Hello everyone, welcome to my week 5 blog. We’re at the halfway point. This week’s goal was to create a Jupyter notebook to perform Linear Regression on our data, focusing on the Linearity Assumption.

To check linearity, we first needed to plot residual plots for each of our datasets. Residual plot can help understand whether the relationships between temperature and pH, temperature and TDS, and pH and TDS are in a linear relationship. If the residual plots show a random pattern, this tells that the linear model assumptions do not hold. Starting on Monday, I looked up how to plot a residual plot in Python using built-in. On Tuesday, I began using residual plots to analyze my datasets. The plots all displayed a downward trend for all three graphs, showing that as temperature decreases, pH also decreases, and following the same trend for other comparisons. Therefore, the graph shows our first assumption does hold in our Model of Goodness data analysis.
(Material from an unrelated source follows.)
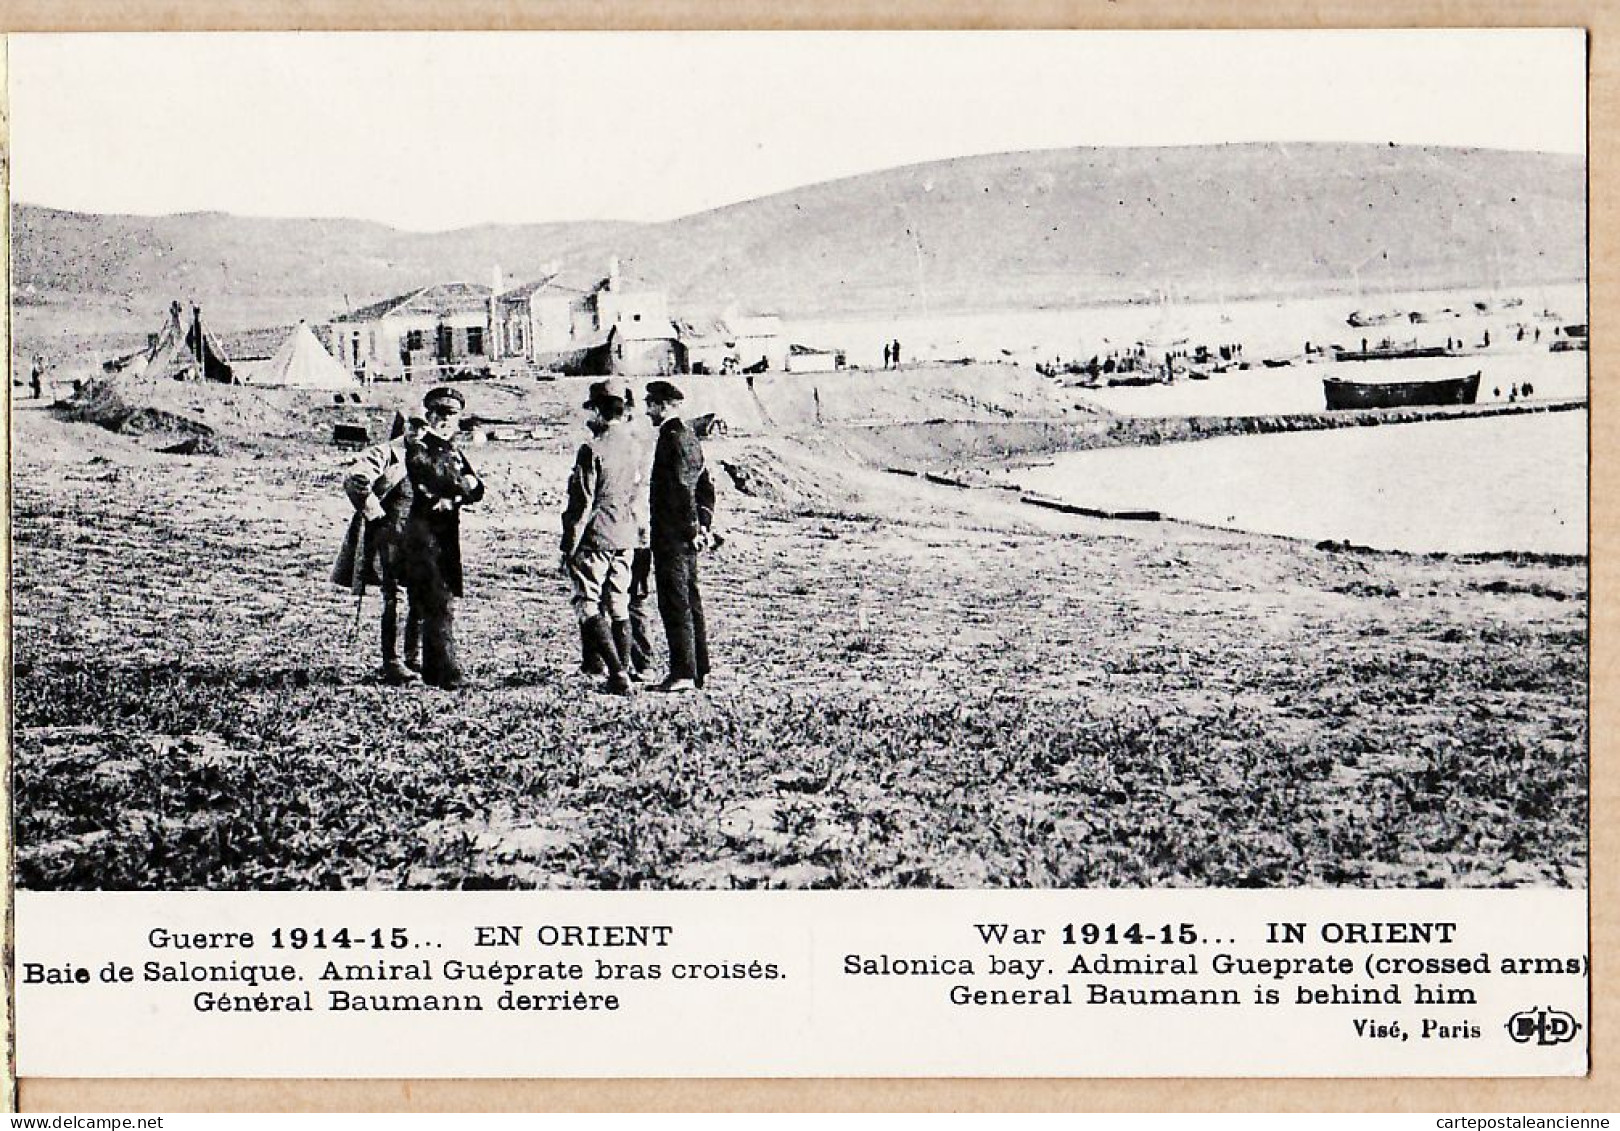 06374 / Baie De SALONIQUE SALONICA Visite Rencontre Amiral GUEPRATE Général BAUMANN CpaWW1 Guerre 1914-15 LE DELEY - Grèce

After discussing my progress with my external advisor, he suggested that I use the Durbin-Watson Statistical test as another method to test linearity. So on Wednesday, I began learning about the Durbin-Watson test and how to apply it to my datasets using statsmodels. From the website, I learned that the Durbin-Watson statistic ranges from 0 to 4. A value less than 2 indicates positive autocorrelation. This means that an error in one variable is likely to cause an error in another. A value greater than 2 indicates negative autocorrelation. This also means that an error in one variable is unlikely to affect another variable.

The results of the Durbin-Watson test were as follows:

Durbin-Watson Statistic for Temperature vs. pH: 0.054
Durbin-Watson Statistic for Temperature vs. TDS: 0.073
Durbin-Watson Statistic for pH vs. TDS: 0.066

These results are all significantly lower than 2. This tells us that all three graphs are positive autocorrelation in the residuals model. This draws the same conclusion with my residual plot analysis. This is because the Durbin-Watson test suggests that the variables are highly dependent on each other, which holds true for the linearity assumptions.

Next week, I will start checking the Mean of Residuals Assumptions!